你没有给出很多细节。我假设你知道这个矩形的高度和宽度会给你这个区域的旋转。如果你只有x,y数据然后使用sqrt((x1-x1)^ 2 +(y1 y2)^ 2)。得到边的长度。

You clarified your question so if you have a rectangle and you know the angle from the top left corner is rotated away from the top so the left side looks like this.
  /
/
a = sine(alpha)*width
b = cosine(alpha)*width
c = sine(alpha)*height
d = cosine(alpha)*height

你澄清了你的问题，如果你有一个矩形，你知道左上角的角度是从上往下旋转的所以左边是这样的。/ / a = sin()*宽度b = cos()*宽度c = sin()*高d = cos (alpha)*高。

width = a + d
height = b + c
Be sure you get the angle right it is kind of hard to clarify it on here. If you get the other angle then it will come out to
width = b + c
height = a + d

宽度= a + d高度= b + c，确定角度是正确的这在这里很难解释。如果你得到另一个角，它就会出来，宽度= b + c高度= a + d。

0  

For the axis aligned box of the rotated rectangle, you find the minimum and maximum of each of the 4 rotated coordintates. The minX and minY becomes 1 corner and the maxX and maxY becomes the other corner.

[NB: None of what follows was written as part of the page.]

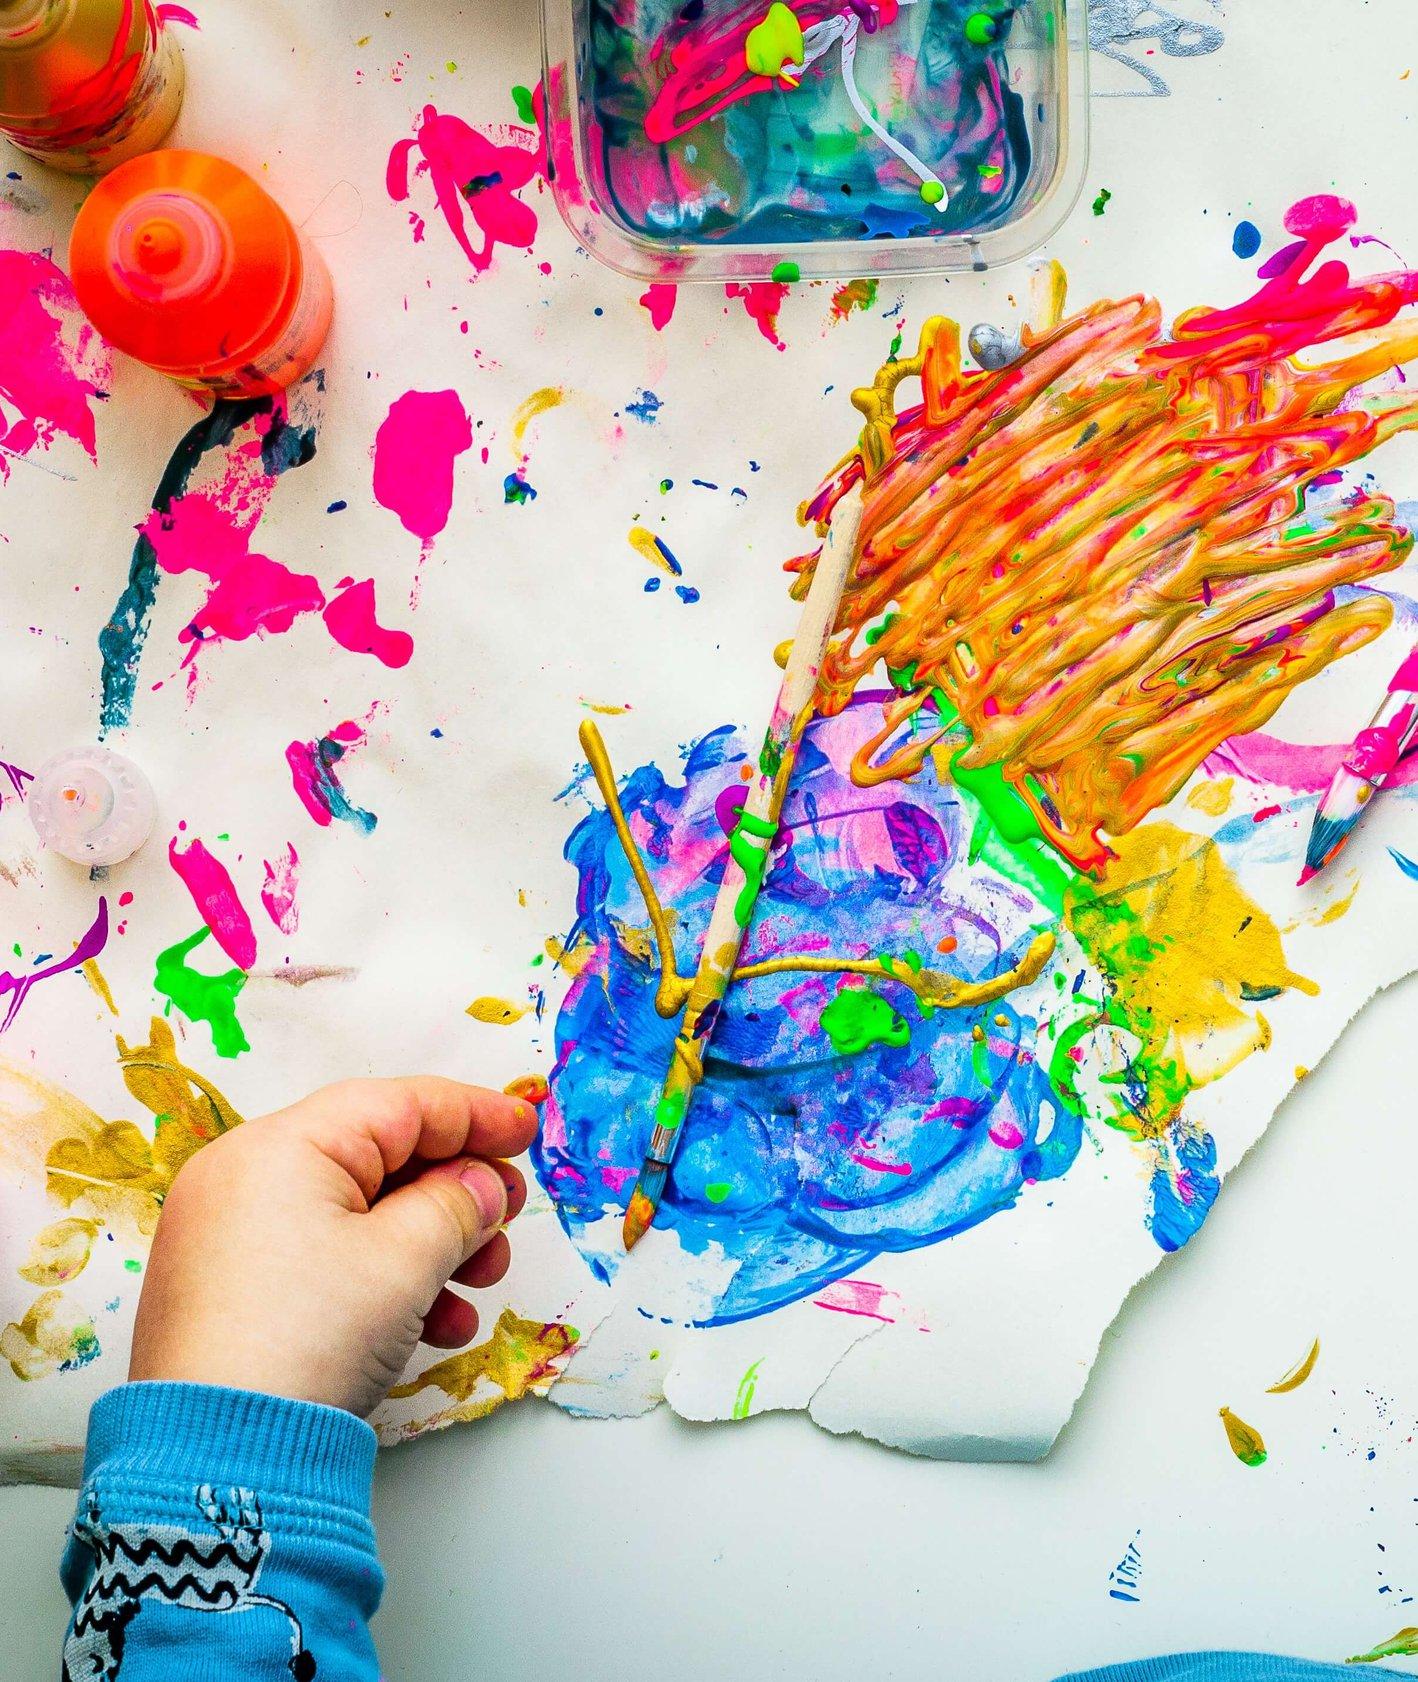 Dziecko malujące kredkami i farbami

对于旋转矩形的轴对齐框，您可以找到四个旋转的coordintates的最小值和最大值。minX和minY变成了一个角，maxX和maxY变成另一个角。

-1  

Calculate the area of the original rectangle. Area doesn't change under rotation.

计算原始矩形的面积。面积不会在旋转的情况下改变。

-1  

Use [Heron's Formula Triangle Area Calculator] s = (a + b + c) / 2 or 1/2 of the perimeter of the triangle

使用[Heron的公式三角形区域计算器]s = (a + b + c) /2或三角形周长的1/2。

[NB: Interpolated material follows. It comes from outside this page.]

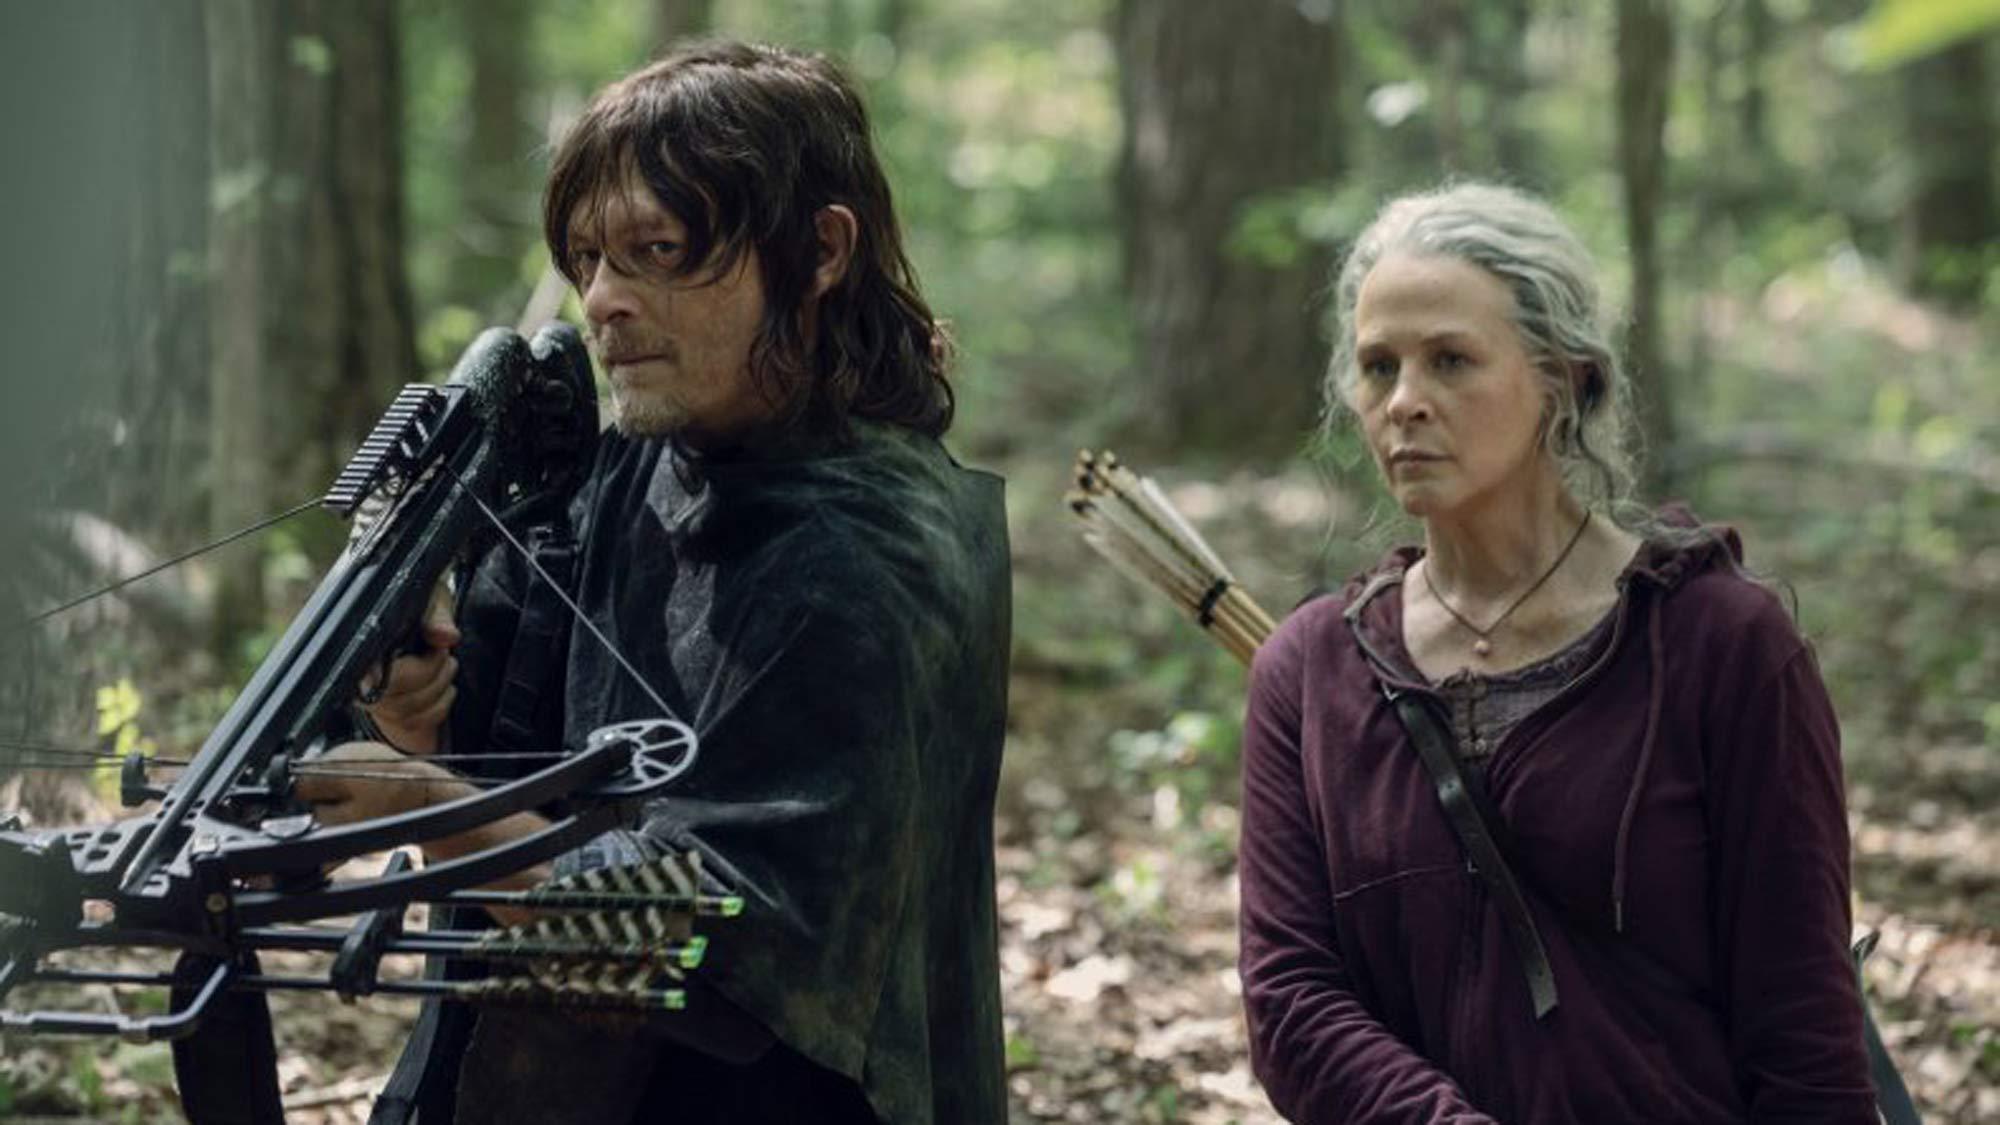 فصل یازدهم The Walking Dead بزودی منتشر می شود، فصلی که فصل پایانی سریال بوده و از 24 اپیزود تشکیل شده است

A = SquareRoot(s * (s - a) * (s - b) * (s - c))

Where

在哪里

a=SquareRoot((X1-X2)^2+(Y1-Y2)^2)  [Side 1 Length]
b=SquareRoot((X1-X3)^2+(Y1-Y3)^2)  [Side 2 Length]
c=SquareRoot((X2-X3)^2+(Y2-Y3)^2)  [Side 3 Length]

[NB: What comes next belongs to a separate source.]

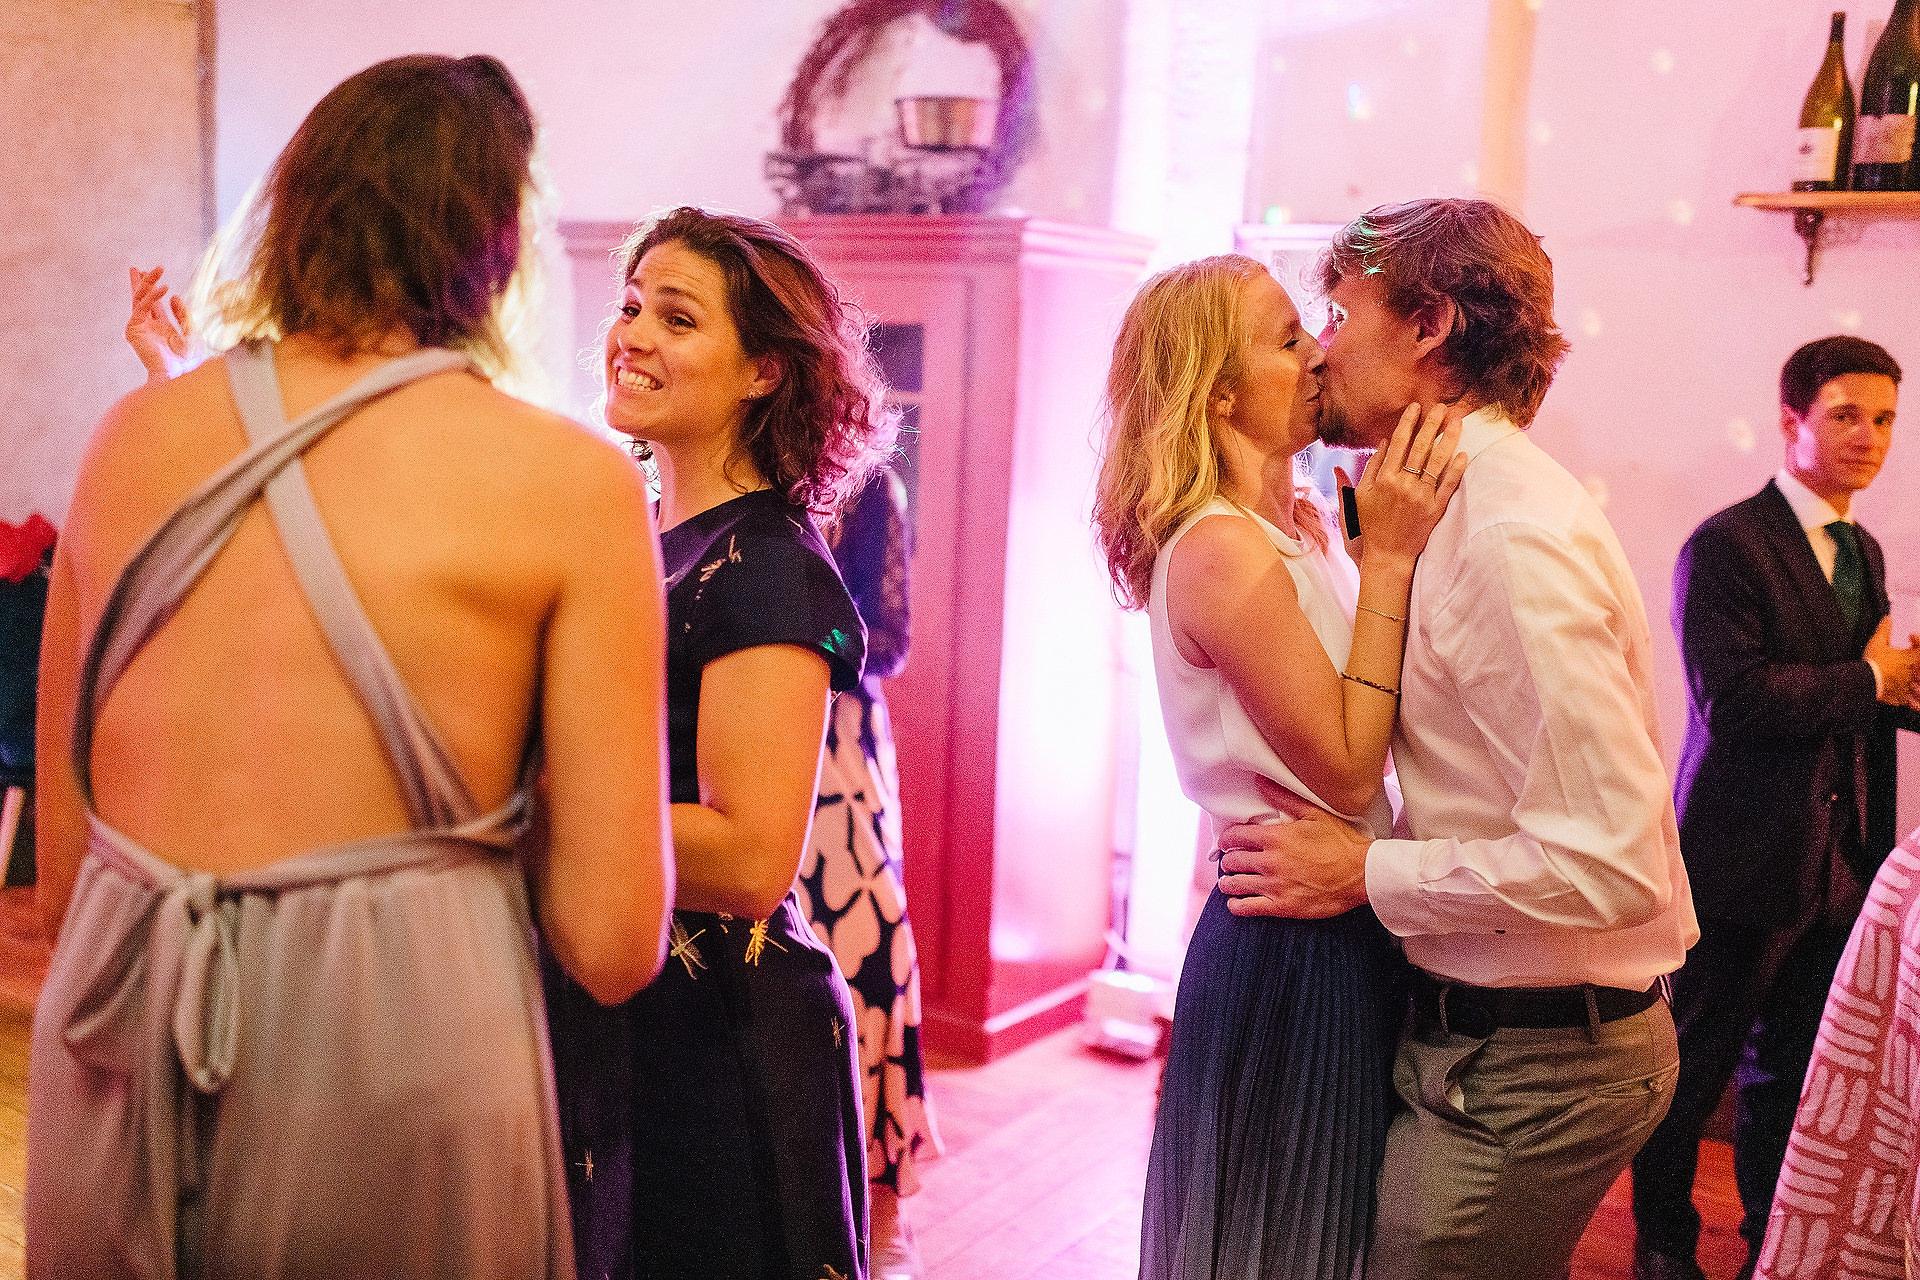 Fotograf Konstanz - Hochzeitsreportage Freiburg Hofgut Lilienhof Hochzeit Fotograf Konstanz 103 - Hochzeit in Freiburg und Hofgut Lilienhof  - 201 -

X1,Y1,X2,Y2,X3,Y3 are the coordinations of any three points (Corners)

X1,Y1,X2,Y2,X3,Y3是任意三个点的坐标

RectangleArea=2*A

Or Direct without [Heron's Formula Triangle Area Calculator], sequence of points are important here.

或者直接没有[Heron的公式三角区域计算器]，点序列在这里很重要。

P1----P2
|     |
P3----P4

 a=SquareRoot((X1-X2)^2+(Y1-Y2)^2)  [Side 1 Length]
 b=SquareRoot((X1-X3)^2+(Y1-Y3)^2)  [Side 2 Length]
 RectangleArea=a*b

-3  

It's a bit complicated, but for a rectangle, Area = b * h = length * width.

这有点复杂，但对于一个矩形，面积= b * h =长*宽。